I paid for my groceries and went to speak to the manager. I told him about the cover. "I'm all for free speech," I said, "but a naked Hustler type magazine isn't appropriate for the average check-out aisle, and definitely not at child's eye level. I'd like the children in my family to stay children for a while."
Teh manager said he'd received many complaints about the magazine. However, "Corporate makes those decisions for us, and they have to stay there." "Corporate." The disembodied faceless word that gets the blame for everything.
"But the space they're sitting in doesn't even say Sports Illustrated.
"It says Time Specialties. It's a specialty slot." (Which also means it can sit there indefinitely, like People magazine's "The world's most beautiful/interesting/fascinating/nauseating people of 200x"
"Ma'am, it's not my decision. It's a corporate decision, if you want to pursue it with them..." he looked away.
"Yes, I'd like that."
The manager handed me a business card for "corporate." It listed a phone number for a customer comment line. Sure I got it. A taped message that gets erased at the end of the day.
I got online and sent an email instead, figuring it might be a little more productive than leaving a message on some phone machine. I stated my concerns above. I also added: "I'm all for freedom of speech. You've got an extensive magazine section. You DON'T NEED to have a big breasted topless Hustler model sitting at a child's eye level where she has no choice but to look at it. If we cannot govern ourselves and make sensible decisions about our freedoms, eventually someone will come and make our decisions for us. ... and by the way, this Ralphs was also selling EXPIRED milk. So next time you accuse Fresh and Easy of getting caught with their pants down, remember you just did too. And you've got your top off as well. I'd rather shop at Fresh and easy than Girls Gone Wild Ralphs."
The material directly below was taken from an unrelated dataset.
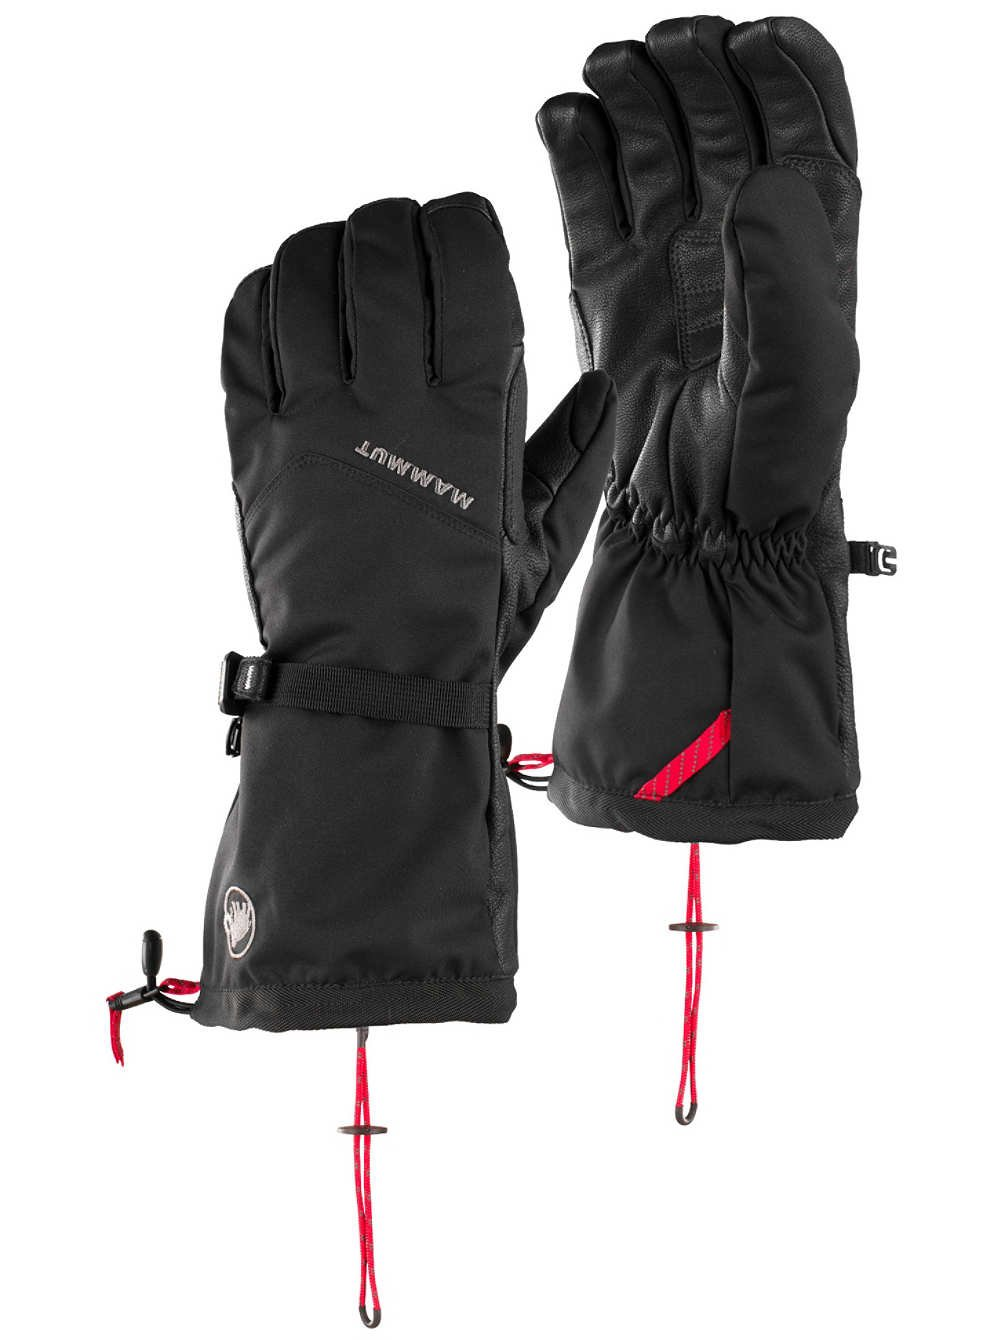 Masao 2 in 1 Glove
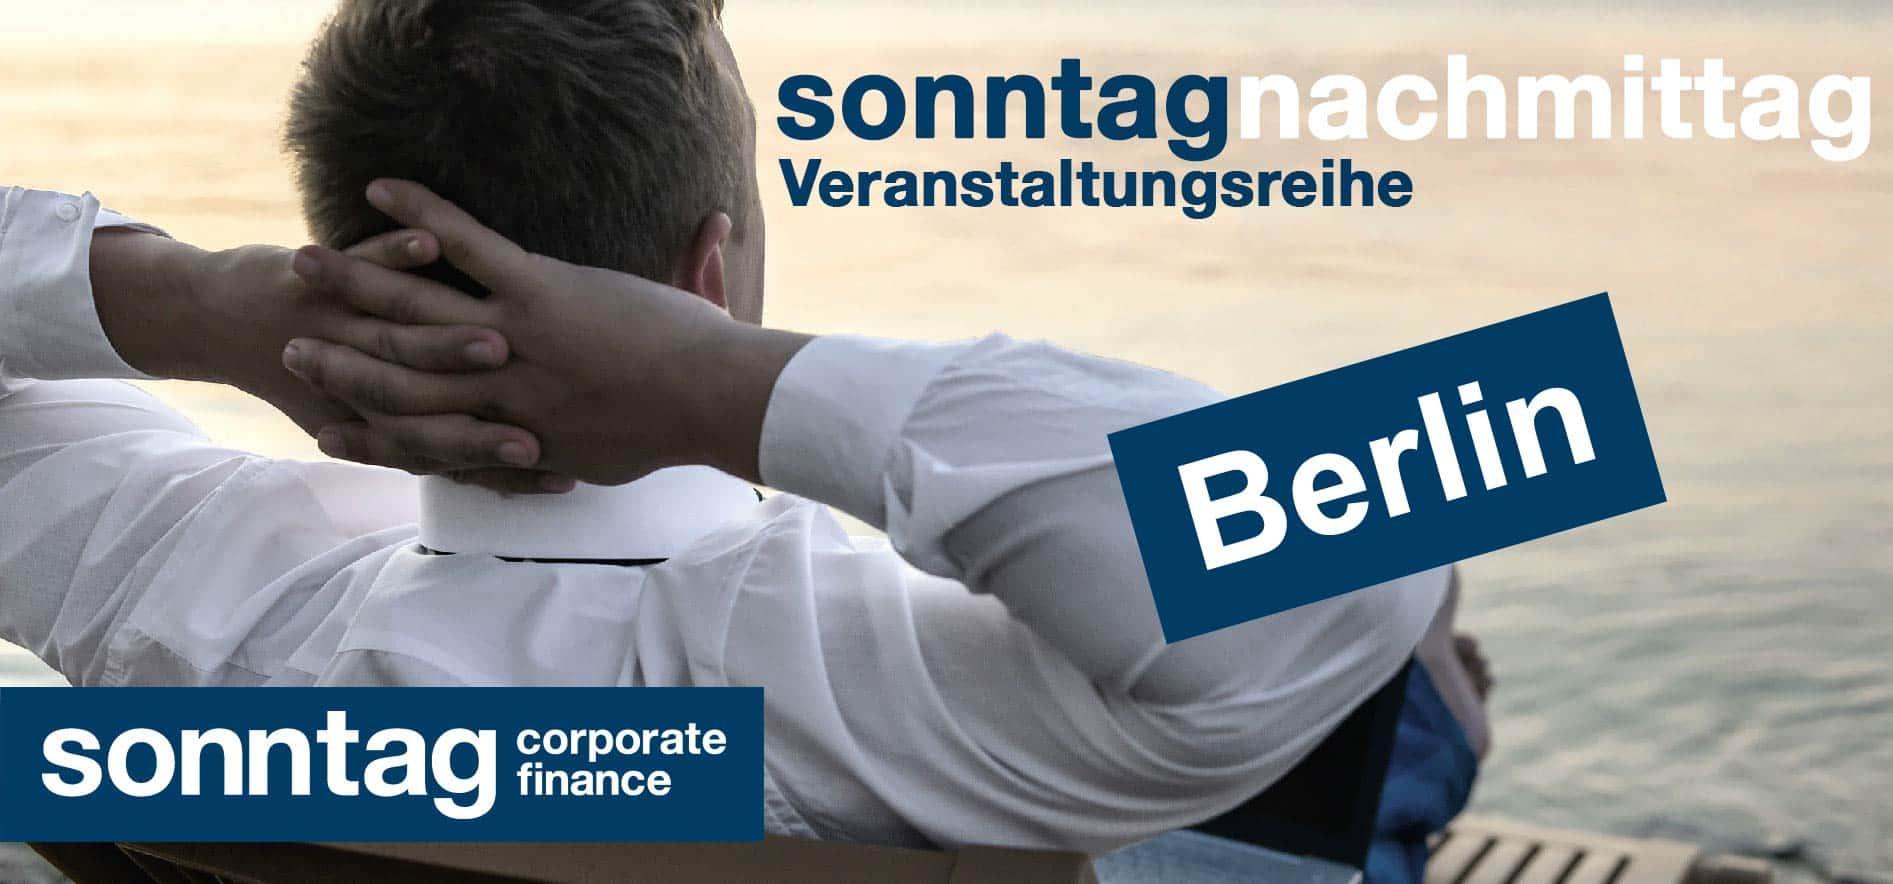 sonntagNachmittag: simplify your life für Unternehmer - Berlin

I finally got an email back from Corporate. "Ralphs has decided to use the "blinders" over the magazine's cover so that the magazine masthead is visible, but not the pictures."
I'm going to check and see that they actually follow through. It's stil pretty tacky that you can't walk through a check out line and have to see one of those porn covers. But then again, Ashlee Simpson was sitting there in a microbikini on the cover of Cosmo.
That was last week. This morning I ran to Fresh and Easy for something. No magazines in the check out. When i got back I found a Victoria's Secret catalog in my mailbox. Courtesy of Ralphs maybe?